Given records →
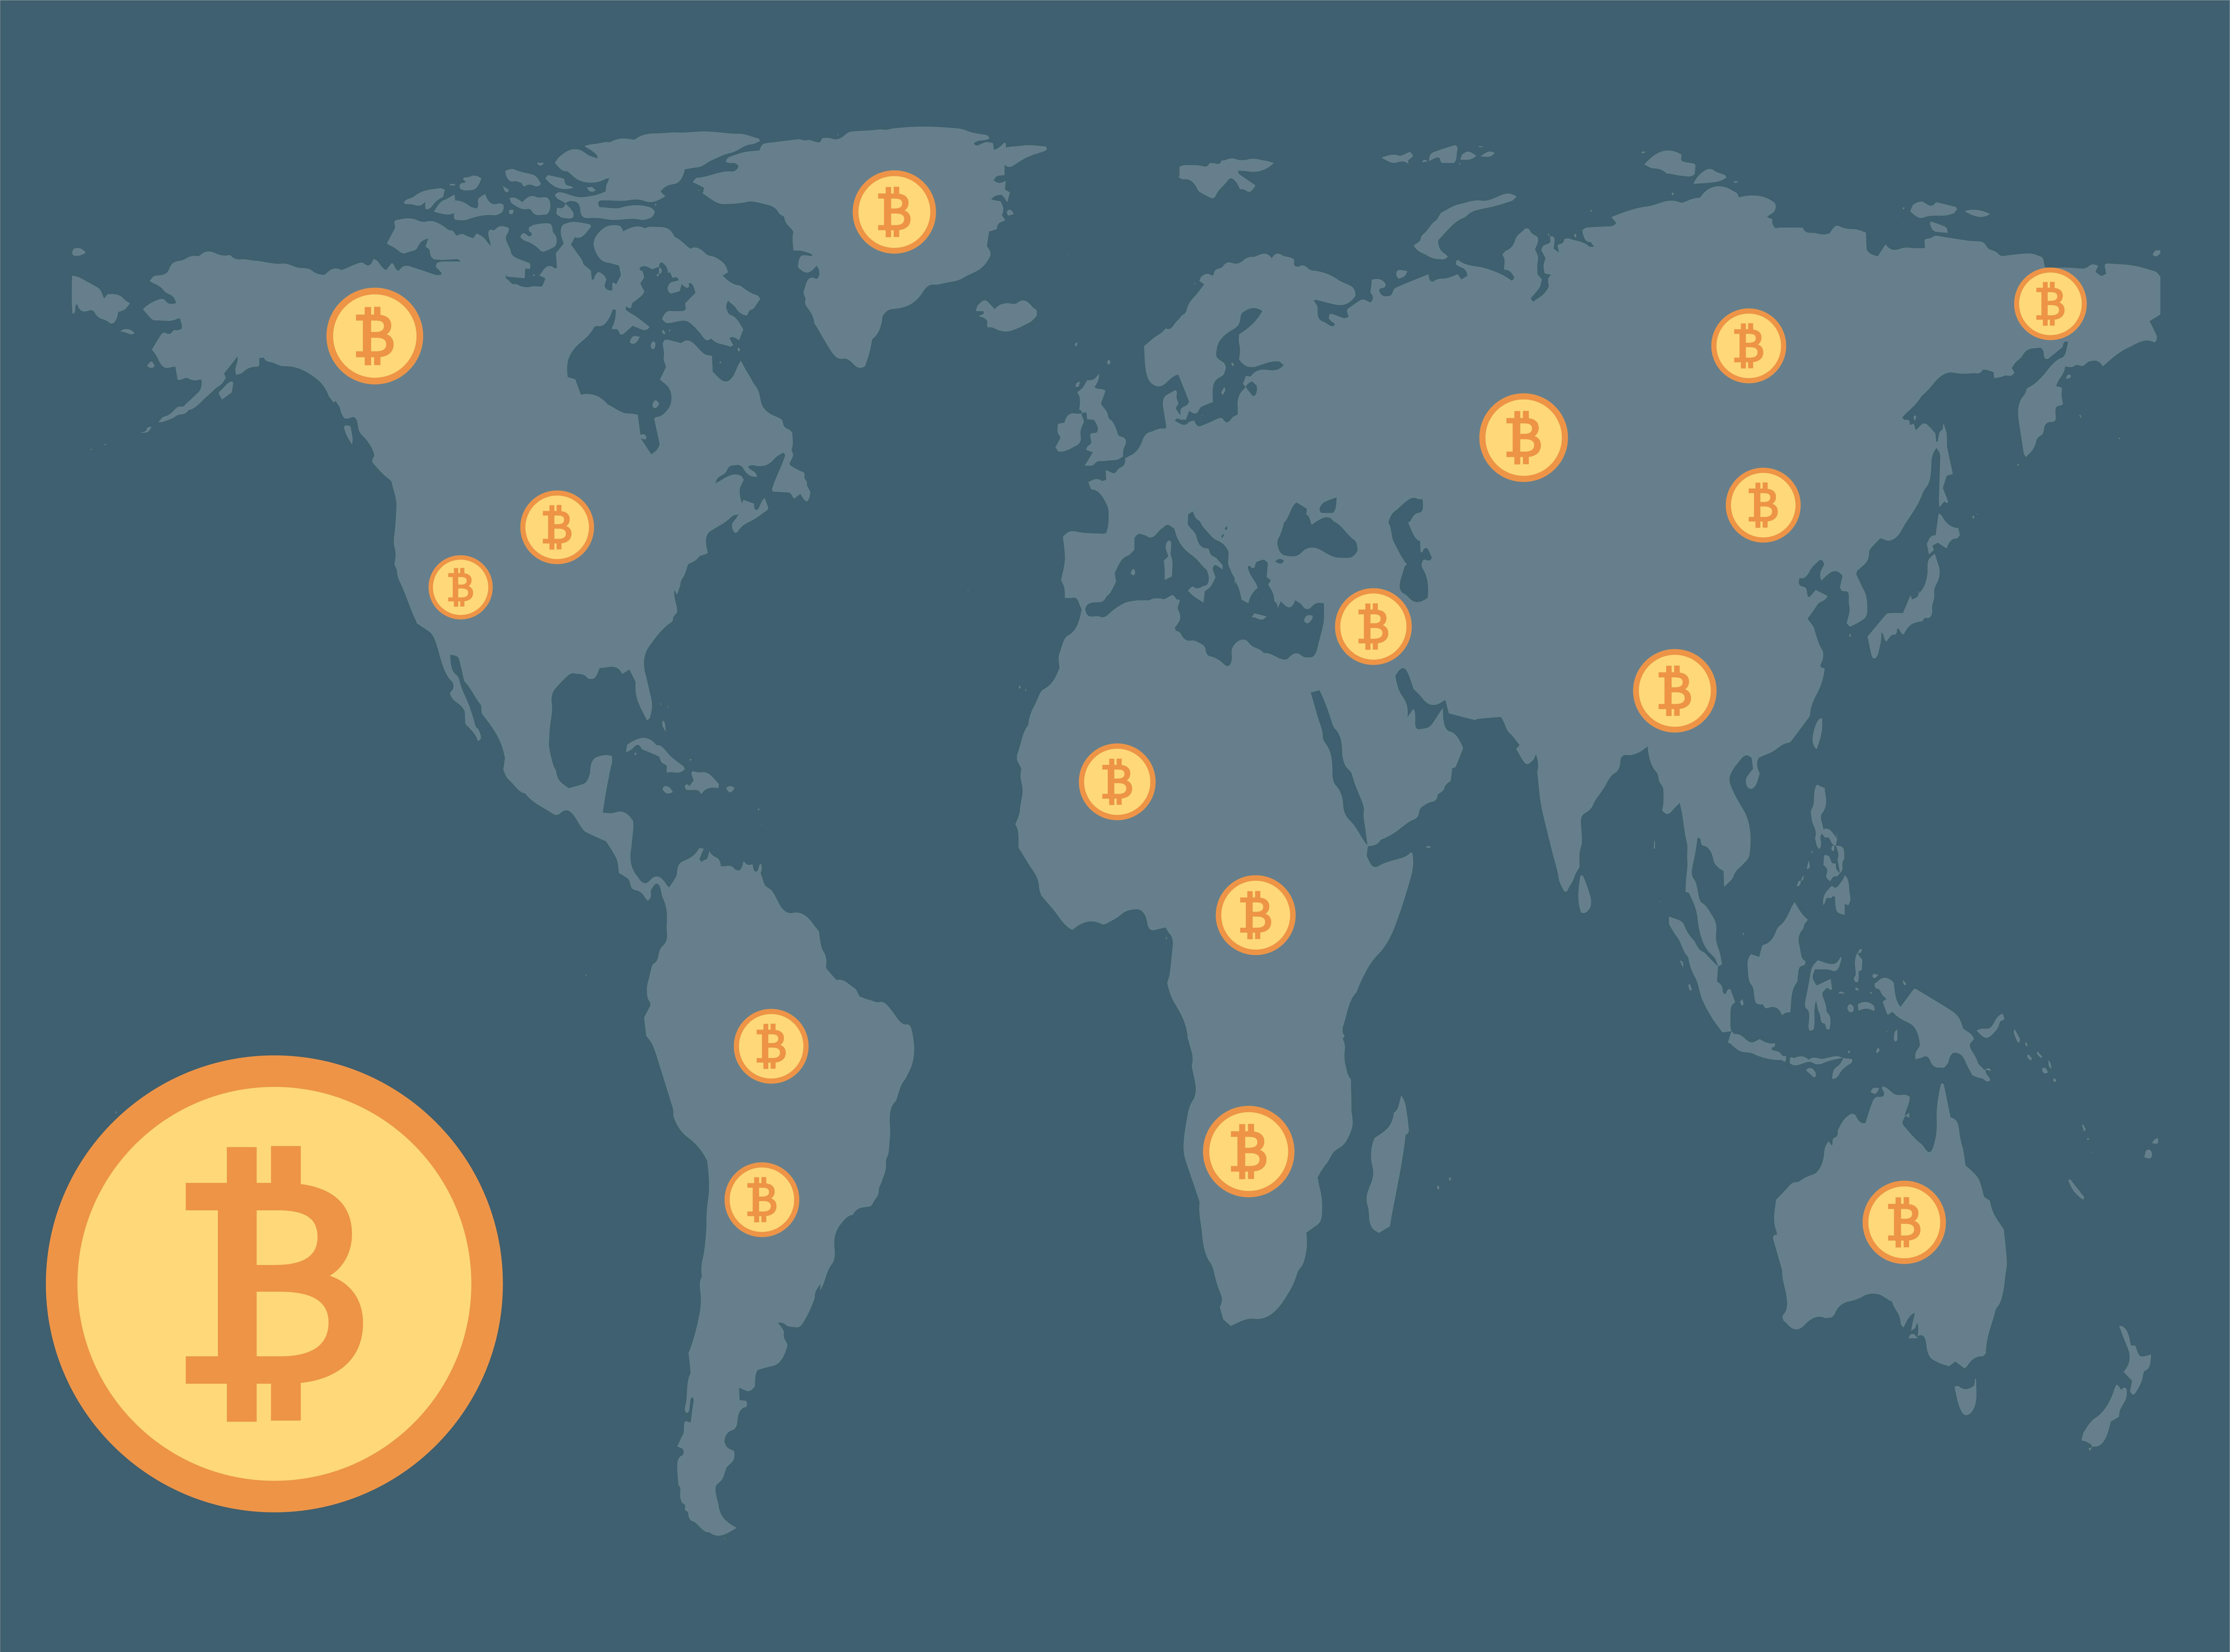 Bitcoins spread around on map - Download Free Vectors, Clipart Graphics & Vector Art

---

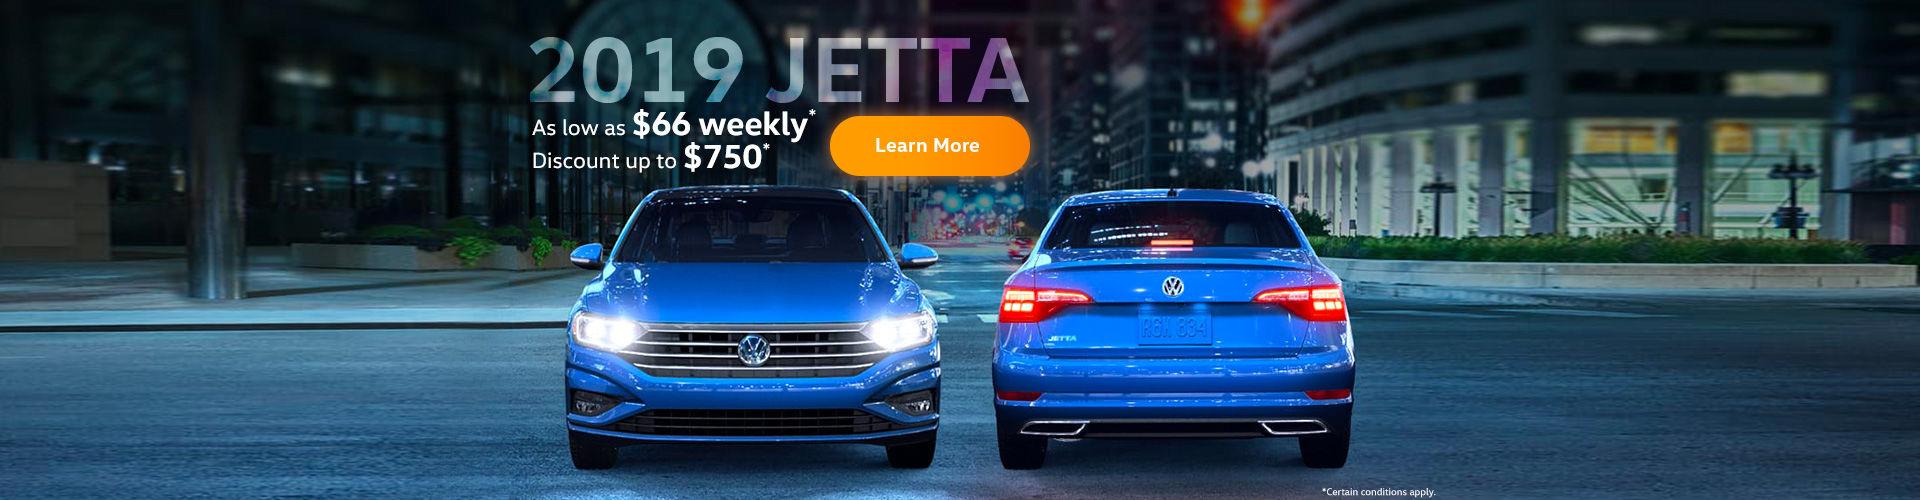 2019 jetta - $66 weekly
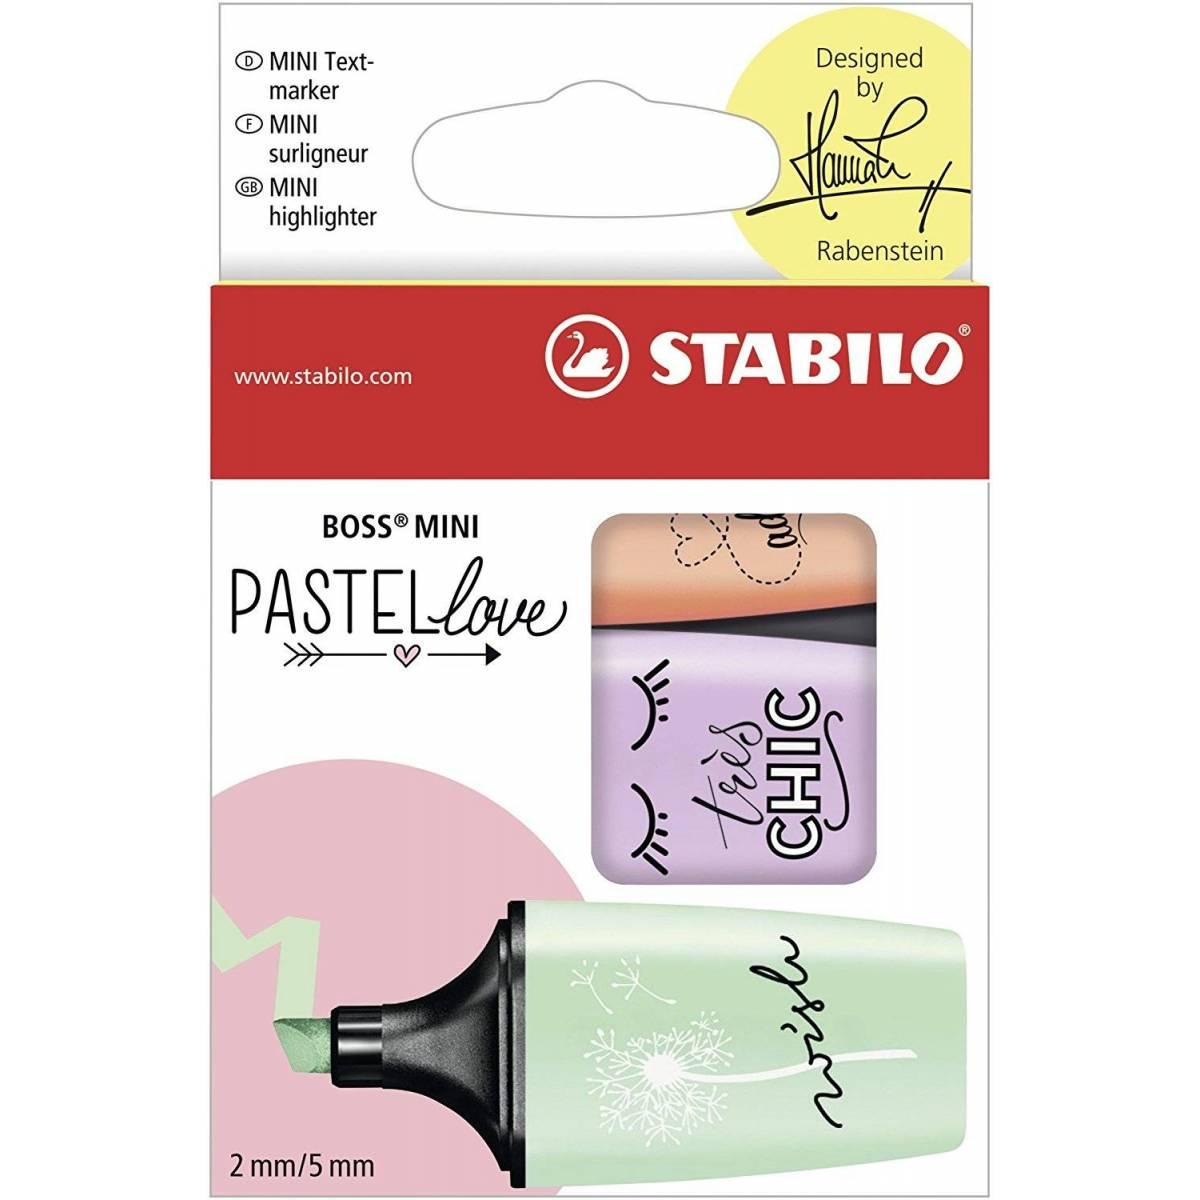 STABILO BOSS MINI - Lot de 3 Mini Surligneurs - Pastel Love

Task prompt → Exactly the lines above from the one that contains "2019 jetta - $66 weekly" down to the one that contains "STABILO BOSS MINI" are to be output, both ends kept and pictures omitted.

Response to the exercise →
 2019 jetta - $66 weekly
 STABILO BOSS MINI - Lot de 3 Mini Surligneurs - Pastel Love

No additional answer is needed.